No entanto, o juiz indeferiu o pedido de liminar de vacinação do gado interditado até que o Lanagro emita os laudos conclusivos. A decisão determina ainda que o Lanagro seja oficiado para informar o porquê de não se emitir um laudo conclusivo quanto à existência de febre aftosa no gado sob interdição no Paraná, explicando qual o tempo necessário para que se tenha uma conclusão definitiva a respeito e se a vacinação dos animais, neste momento, poderá acarretar em falsos resultados, gerando riscos de disseminação da doença no Estado. O laboratório ainda deve emitir cópia do laudo técnico do gado interditado por motivo de suposta existência de aftosa do Estado.
AÇÃO - Na ação, os autores alegam que as ''autoridades governamentais'' noticiaram em diversos veículos de comunicação, a suspeita de foco de febre aftosa no Paraná, tendo o ministro da Agricultura, Roberto Rodrigues, afirmado que as possibilidades da doença ter entrado no Estado seriam de 90% e que os exames deveriam ficar prontos até o dia 25 de outubro. No entanto, mesmo após esse prazo, o Ministério não divulgou qualquer resultado, mesmo preliminares, dos exames de sorologia realizados nos animais de suas propriedades.

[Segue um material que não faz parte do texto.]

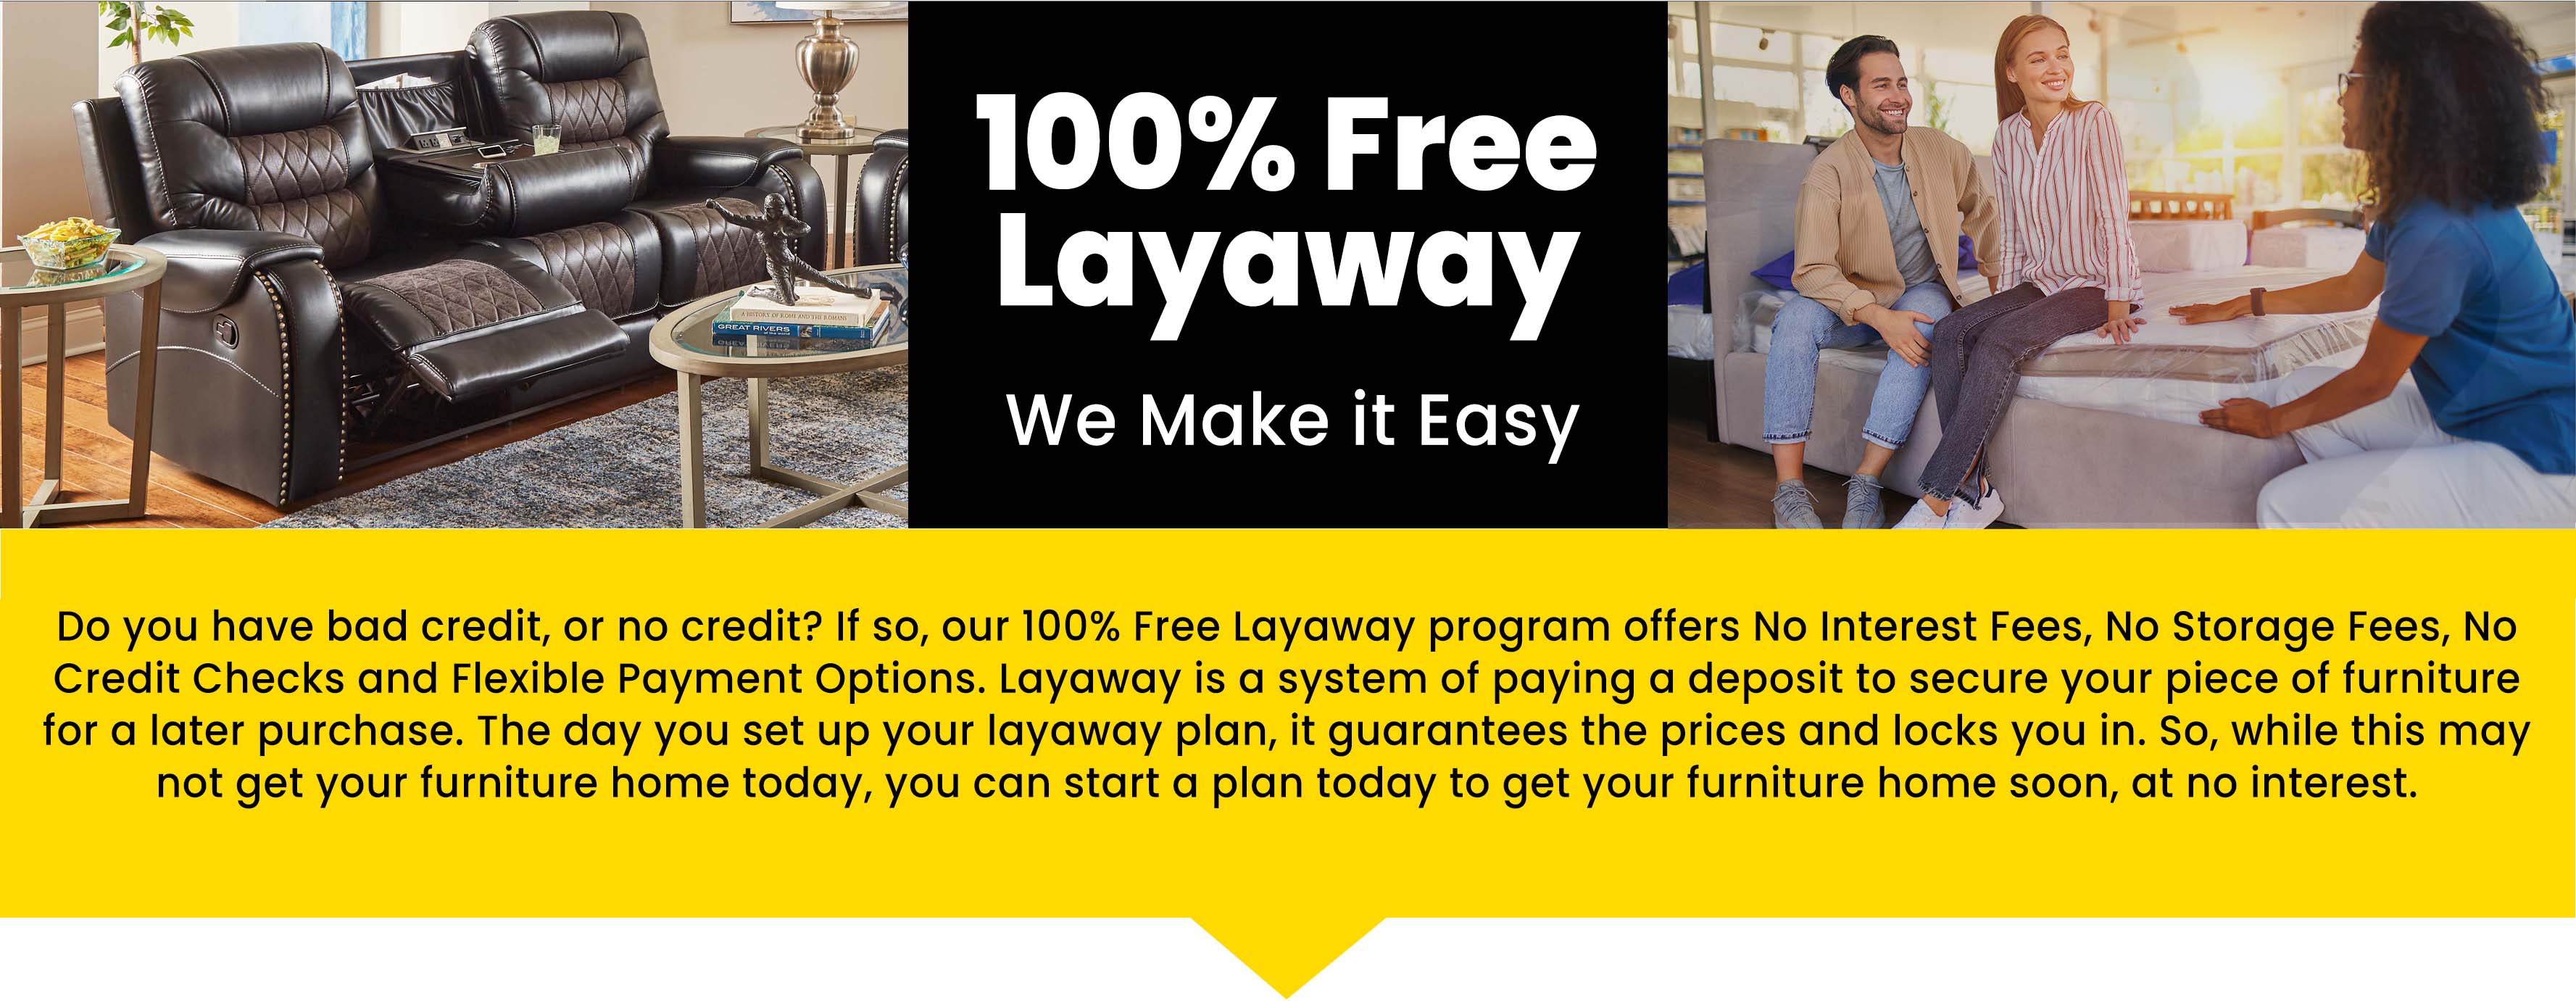 100% Free Layaway

Os autores ainda alegam que estão tendo prejuízos e que se tornaram reféns da ineficiência do Mapa que divulgou, de forma precipitada e inconsequente, a certeza de 90% de chances de existir aftosa no Paraná, em especial nas propriedades dos autores quando, na verdade, sequer tinha suspeita. ''Tudo não passou de um alarde irresponsável de técnico de agente de saúde animal do Estado do Paraná despreparado, que não soube diferenciar sinais clínicos de lesões geradas pelo simples manejo de animais, dos indicativos de suspeitas da sintomatologia da Febre Aftosa'', dizem os autores na ação.